Мерой прогресса в развитии пишущей техники служит мне исчезновение кляксы. Мы в школе писали, как чеховский Ванька Жуков, макая перья в чернильницы. Наилучшей забавой и злобной шуткой было выдрать из тетрадки разворот в две страницы, сделать из них стрелу, кончик намочить в чернилах и запустить бумажный «дрон» по классу, кому-то и шлепнется крупной кляксой на чисто переписанное классное задание. В университете клякс уже не было, пользовались авторучками, но до пишущих машинок было далеко, а дигитальная техника и не маячила за обозримым горизонтом, все, что мы писали в университетские годы, писали от руки.
В испанской группе отличался студент, бойко стрекотавший, казался натуральным испанцем, на него смотрели мы с завистью. С ним вместе учился Игорь Мельчук, отличник, однако от Игоря не слышали ни слова по-испански, будто он и не мог говорить. Я как-то восхитился его соучеником, а Игорь с возмущением выпалил: «У него же язык мадридского мусорщика!»
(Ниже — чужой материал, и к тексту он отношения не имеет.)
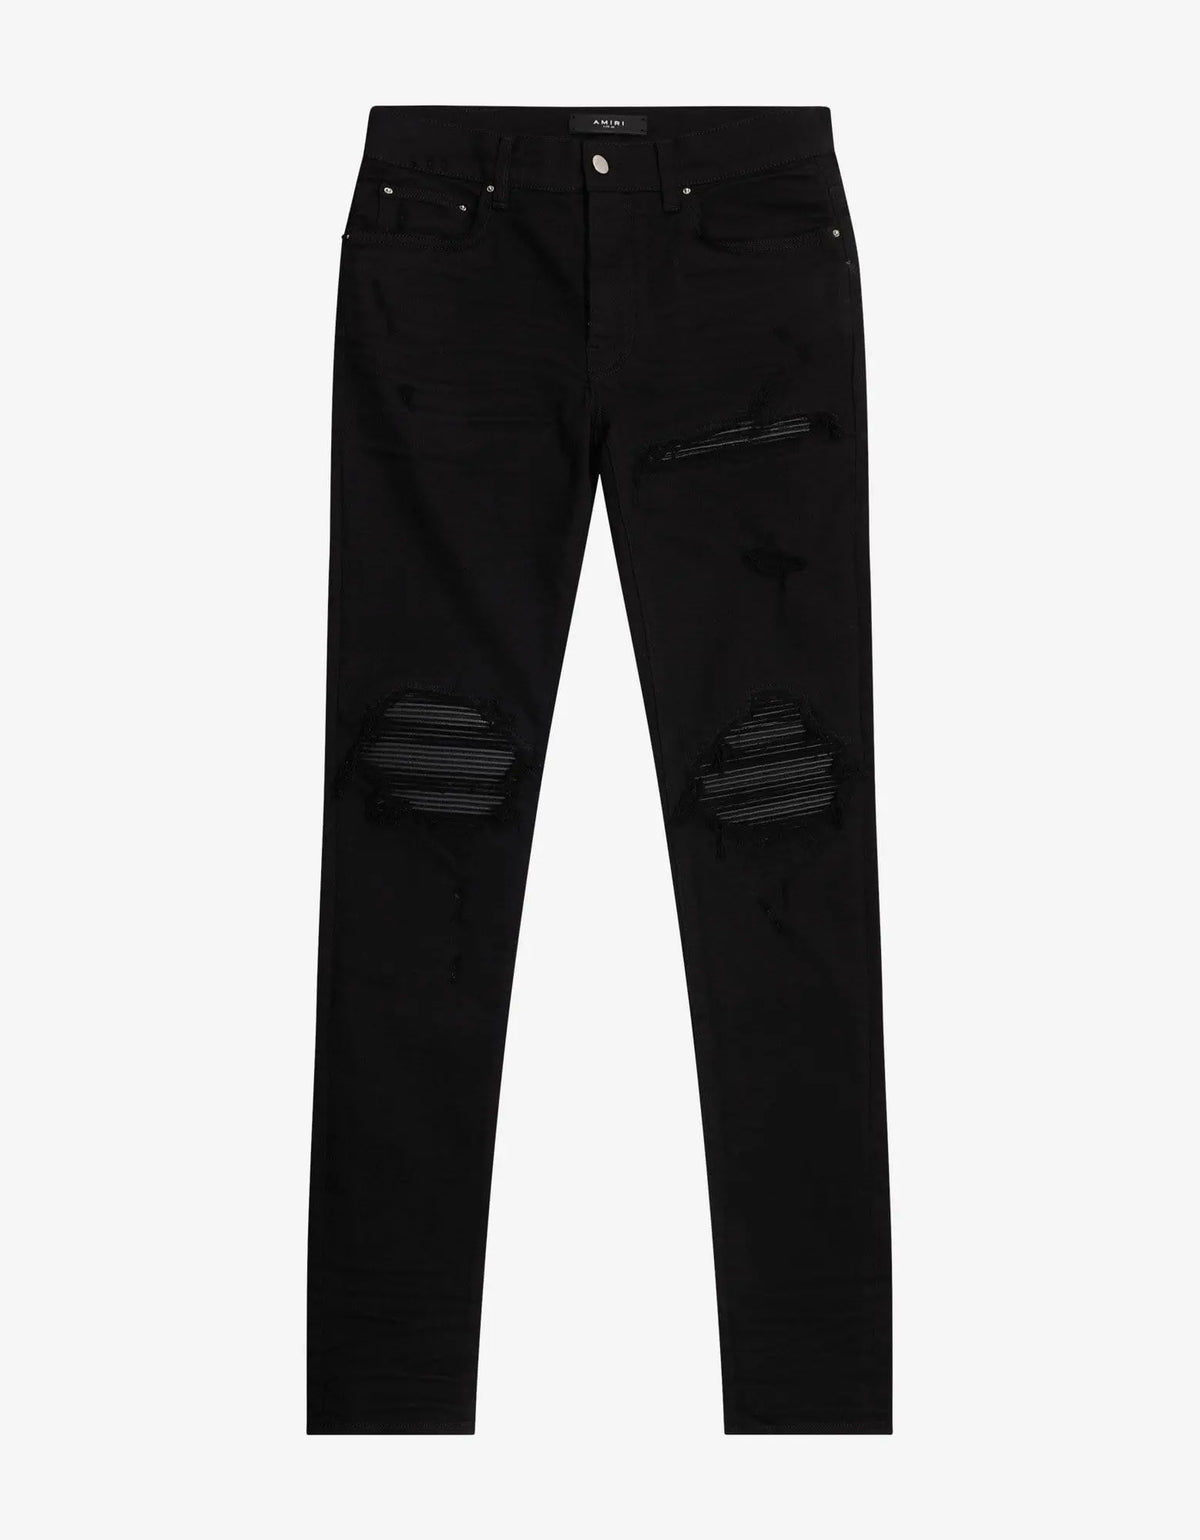 Amiri Jeans MX1 Black Leather Insert Distressed Skinny

В присутствии Ольги Сергеевны тем более нельзя было сказать, что кто-то знает английский язык и тем более блестяще владеет английским языком. Такое знание, по-ахмановски, невозможно. Составитель словарей, копируемых в Англии и Америке, Ахманова подвергала англичан экзамену по их же языку, и, бывало, приезжавшие к нам стажироваться ахмановской пытки не выдерживали. Обладая словарным запасом в шестьдесят тысяч слов (больше, чем у Шекспира, уж не говоря о Диккенсе), она, говоря о самых обыденных вещах, использовала вышедшие из употребления речения, и, помню, из её кабинета появляется после проработки британец. «Слава Богу, – вытирает пот со лба, – всего трех слов не знал». Плохо, оказывается, знали они свой язык, к тому же имея слабое представление о теоретических основах лингвистики. С успехом прошедшая ахмановскую выучку моя жена поражалась отсутствию у американских студентов знаний о своем же языке. Находила ошибки у Черчилля! Пытался я возражать: «Это же Черчилль!» Отвечает: «Ничего не могу поделать, так писать нельзя». В мемориальных надписях усматривала ошибки. На памятнике Томасу Пейну надпись выбита в камне, исправить невозможно. На доме, где в Нью-Йорке купил квартиру Рахманинов, ошибку исправили.
Разве языкознание пришло к нам не с Запада? Золотой век академизма там позади, это я услышал от Рене Уэллека, учёного той же формации, что и наши лучшие профессора. «Моя мать – лингвистка», – рассказывает американка моего возраста. Спрашиваю, какого направления: следует ли Блюмфельду или, быть может, Сапиру? Нет, мама на магнитофон записывает речь жителей разных штатов и отмечает отличия. Наследником фундаментальной учёности оказалась прошедшая западную школу наша профессура. Ахманова в Англию не хотела ехать, не говоря уж об Америке, не надеясь услышать там язык, который знала она. «Вы можете понять, что у них нет науки?» – говорила нам Ольга Сергеевна, имея в виду новейшую зарубежную филологию. Как могли мы это понять, если ничему, что нам внушали, не верили? Не верили, потому что от нас что-то скрывали, и в сокрытом таилась, мы думали, правда. Мы не могли себе представить, что попавшее под запрет всего лишь пустое место, ибо ореол запретного сливался в наших глазах с сиянием истины.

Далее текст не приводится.